Глава 17. Кошки-мышки (1/2)
Двумя часами ранее...
Инесса никогда не была обделена мужским вниманием. И это было еще до того, как светлые волосы превратились в плотные дреды, а нежную кожу начали покрывать татуировки. С раннего детства, когда ее мать, Карина, была еще никому ненужной певичкой в дешевом баре, меняя мужчин налево и направо, Инессе пришлось пережить многое. До нее домогался сосед, живший над ними, один из маминых ухажеров то и дело клал свои сальные руки на детские коленки, физрук в школе никогда не выходил, когда она оставалась последней в раздевалке, и смотрел, как девочка переодевала футболку и штаны. А потом все как-то изменилось, голос прорезался: раньше она и не смела говорить о подобном, пока один из мерзко подобных мужчин перешел границу и не залез к ней в белье пальцами. Тогда чудом рядом оказались ножницы, которые она и воткнула прямо в горло обидчику, а осознание содеянного пришло не сразу — через несколько мгновений, когда мужчина уже лежал на полу в луже собственной крови.
На тот момент Карина смогла проложить себе тернистый путь через не одну постель на большую сцену, а проступок единственной на тот момент дочери мог все разрушить.
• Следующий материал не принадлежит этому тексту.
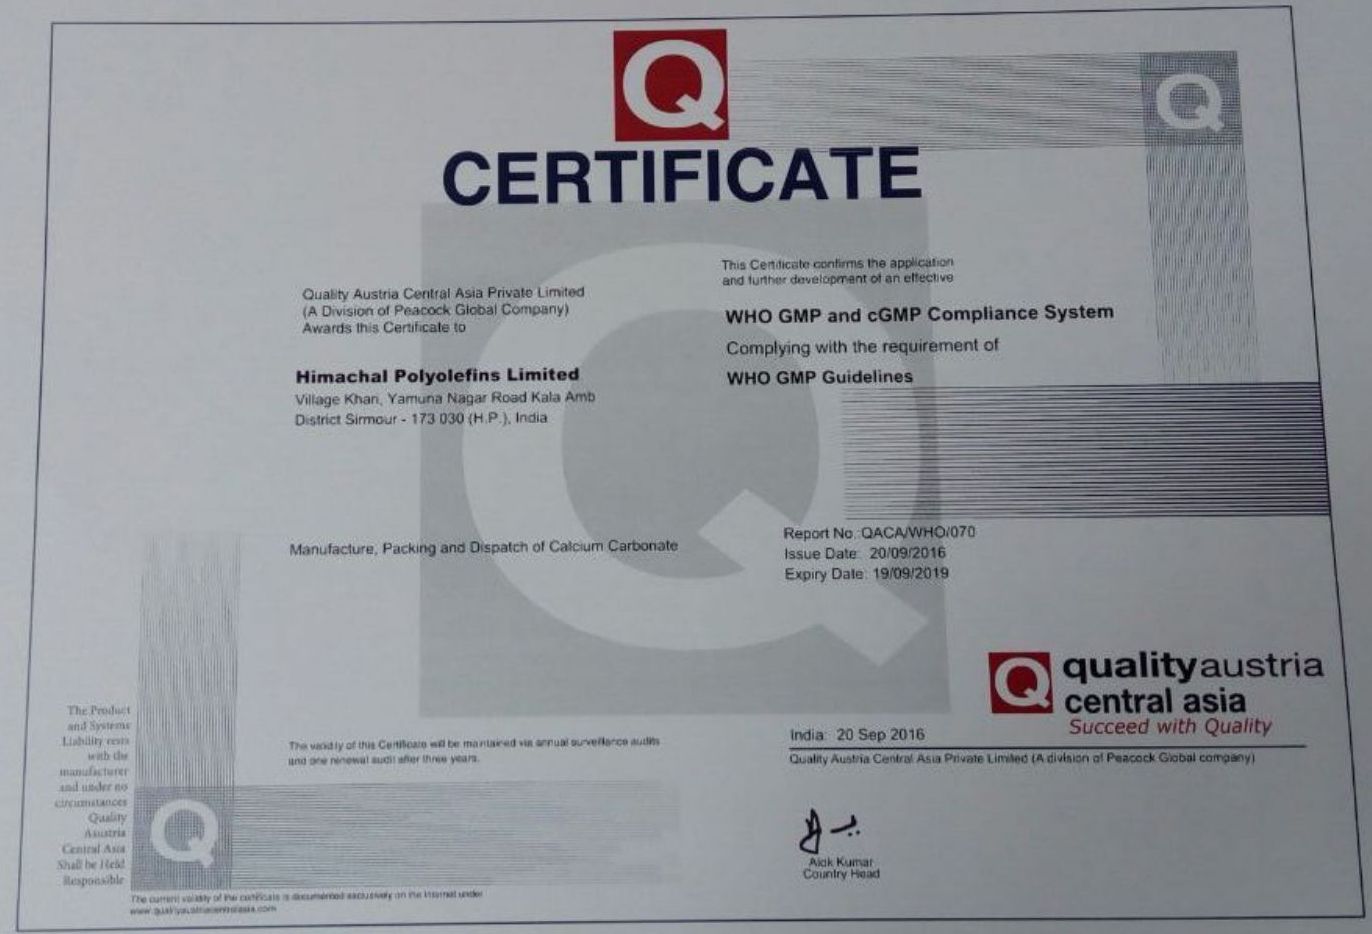 WHO GMP Certificate

Непреднамеренное убийство в шестнадцать лет — откровенная дорога за решетку. Только вот Влад Громский, приметивший оперную певицу, давно уже пребывающий в скудном одиночестве вдовца, решил помочь подающей надежды Карине, взяв под свое крыло и ее саму, и дочку.
С тех пор Инесса забыла про страх и беспомощность, только характер обострился точно, как острие тех самых ножниц, так легко, плавно входящих в живую плоть извращенца. Из вечно молчаливого ребенка, она превратилась в мятежного подростка, быстро облачившись в броню: тату, пирсинг, вечные эксперименты с волосами. Карина и не прилагала усилий, чтобы достучаться до дочери, окрыленная предложением о замужестве за богатого и влиятельного человека. А затем и второй ребенок — Эдвард.
Только юный Макс, только вернувшийся с первой в его жизни серьёзной командировки за границу, притащивший с собой девчонку Эл, заметил потенциал в сводной сестре. Обучил обращаться с холодным оружием, но, несмотря на такую поддержку, отношения все равно не наладились.
Тогда инициативу в обучении взял Рома, находившийся тогда под попечением Влада, как сирота. Родители парнишки — близкие друзья семьи Громовых, партнеры по бизнесу, погибшие в перестрелке во время неудачных переговоров. Глава семейства Громских не бросил мальчика на произвол судьбы, внушив старшему сыну, что тот теперь все равно, что брат. Так и вышло.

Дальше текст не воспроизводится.